The increasing cost of insurance coverage has forced Vanguard to drop a requirement on six of its municipal bond funds that mandates them to invest a minimum percentage of assets in insured municipal bond issues. As a result, the firm is changing the funds names, dropping the word "insured" out of the funds monikers.
The decision was based on the decreasing number of municipal bonds being issued with insurance coverage as well as "the rising cost of this insurance," the company said. While the move will have no impact on the funds investment objectives of providing tax-free income, it will increase the funds risk, "However, the funds will continue to adhere to Vanguards high standards of credit quality, investing no less than 75% of assets in high-grade municipal bonds, and a maximum of 5% of assets in lower-rated or unrated securities," the company said.
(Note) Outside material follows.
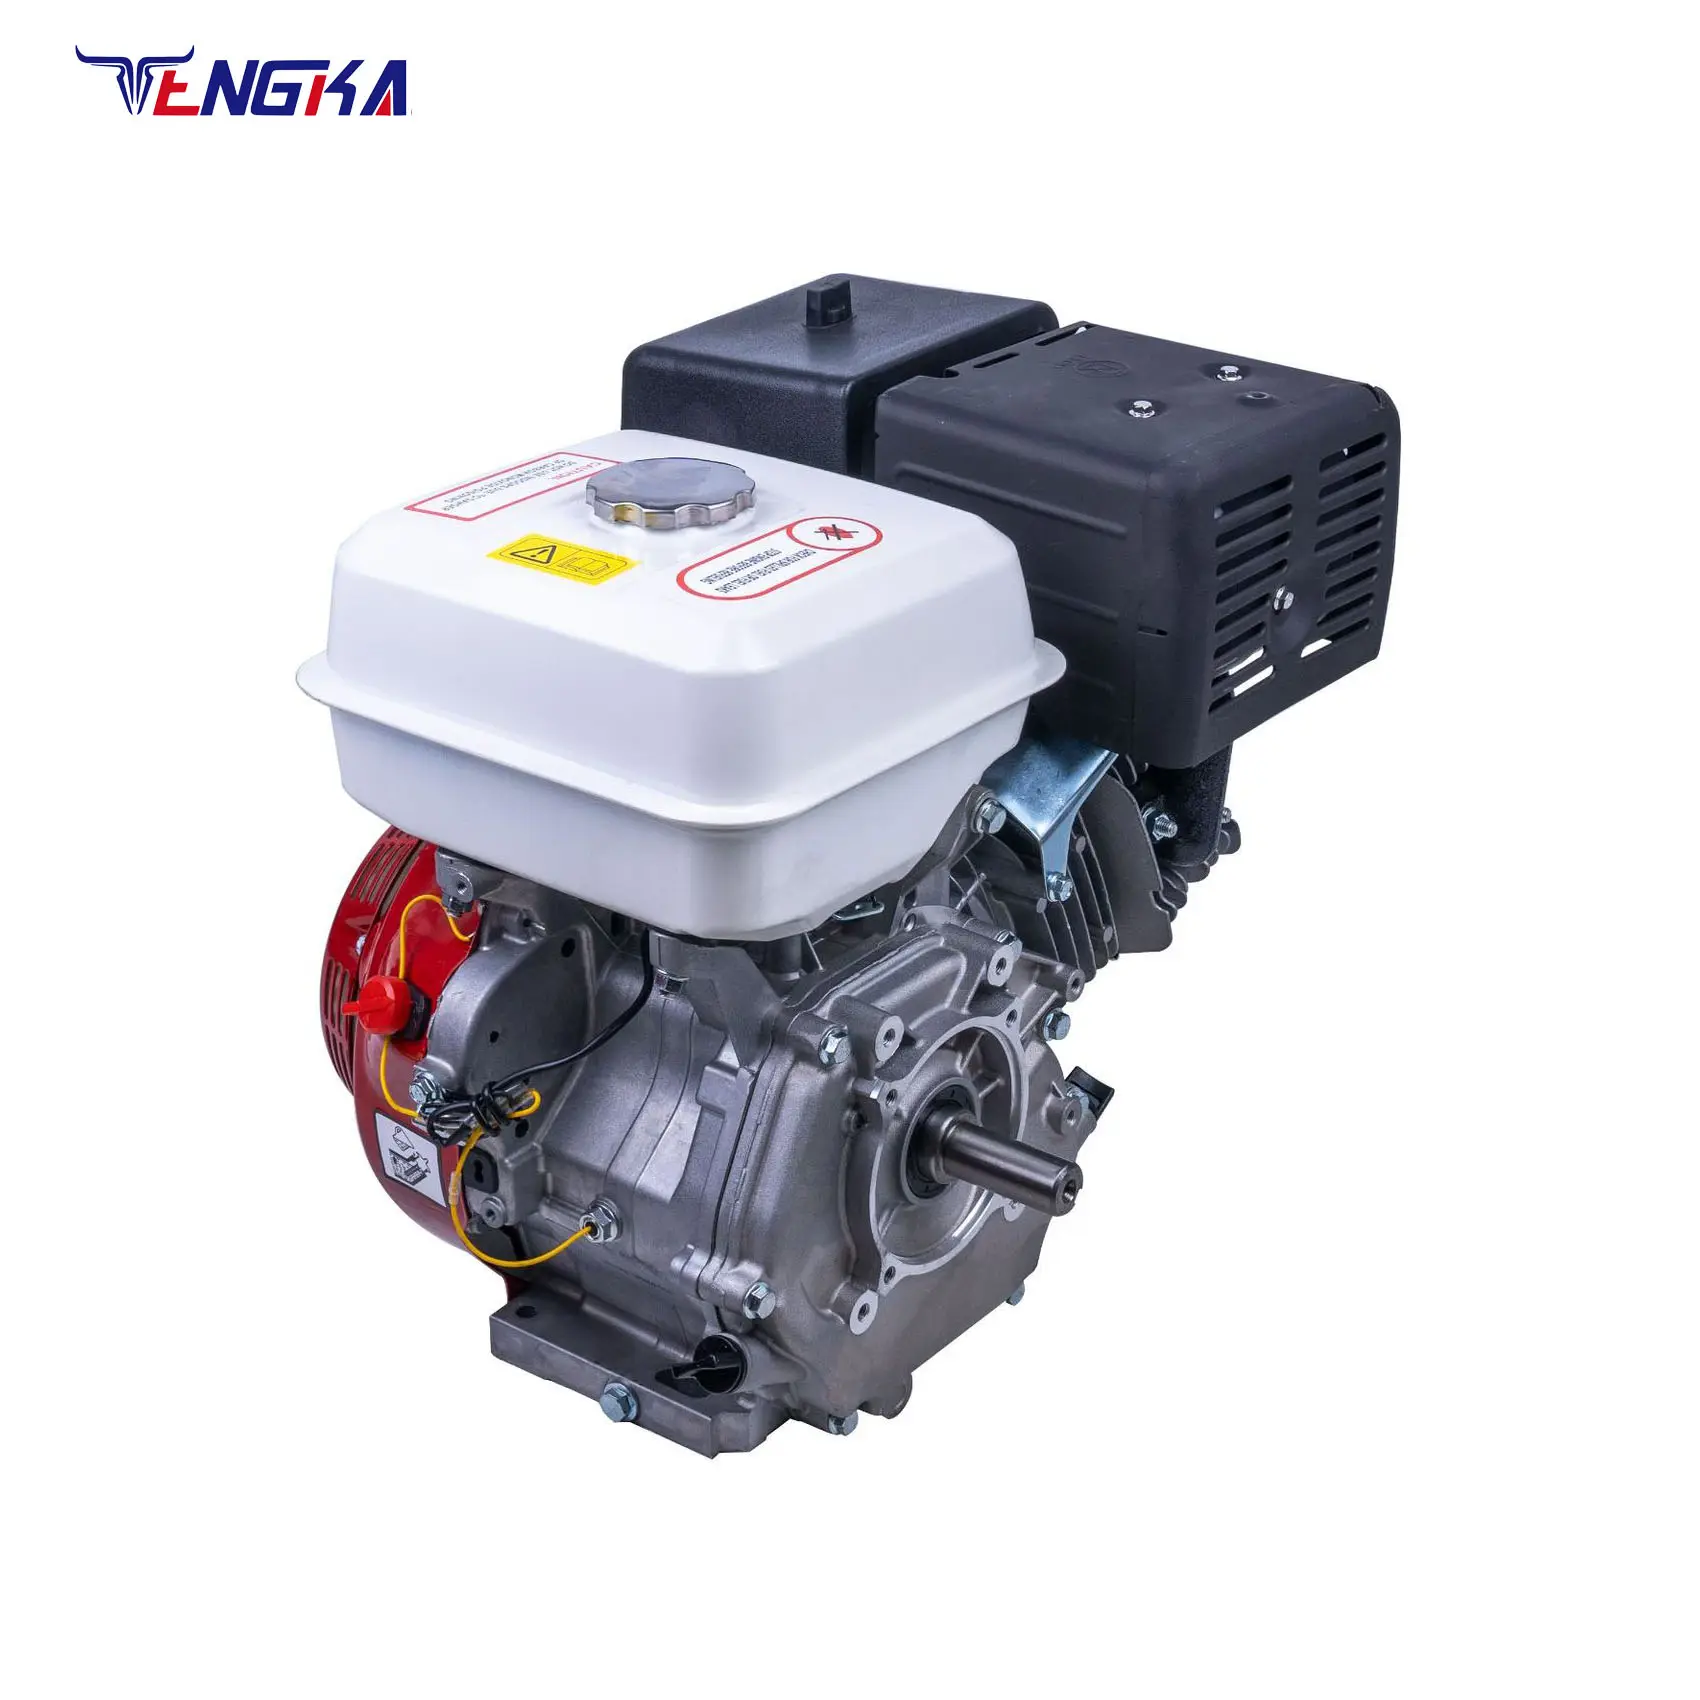 Hot Sale 170f 210cc Gasoline Engine with Recoil Starting System

By dropping the requirement, the funds will be able to invest in a wider array of municipal bond issues, which should have a favorable impact on the performance and investment diversity of the products, the company said.
The change will take affect in late March and the company plans to notify shareholders of the move in the funds upcoming shareholder reports.
The funds affected by the change include: the California Long-Term Tax-Exempt Fund, the California Insured Intermediate-Term Tax-Exempt Fund, the Florida Insured Long-Term Tax-Exempt Fund, the New Jersey Insured Long-Term Tax-Exempt Fund, the New York Insured Long-Term Tax-Exempt Fund and the Pennsylvania Insured Long-Term Tax-Exempt Fund.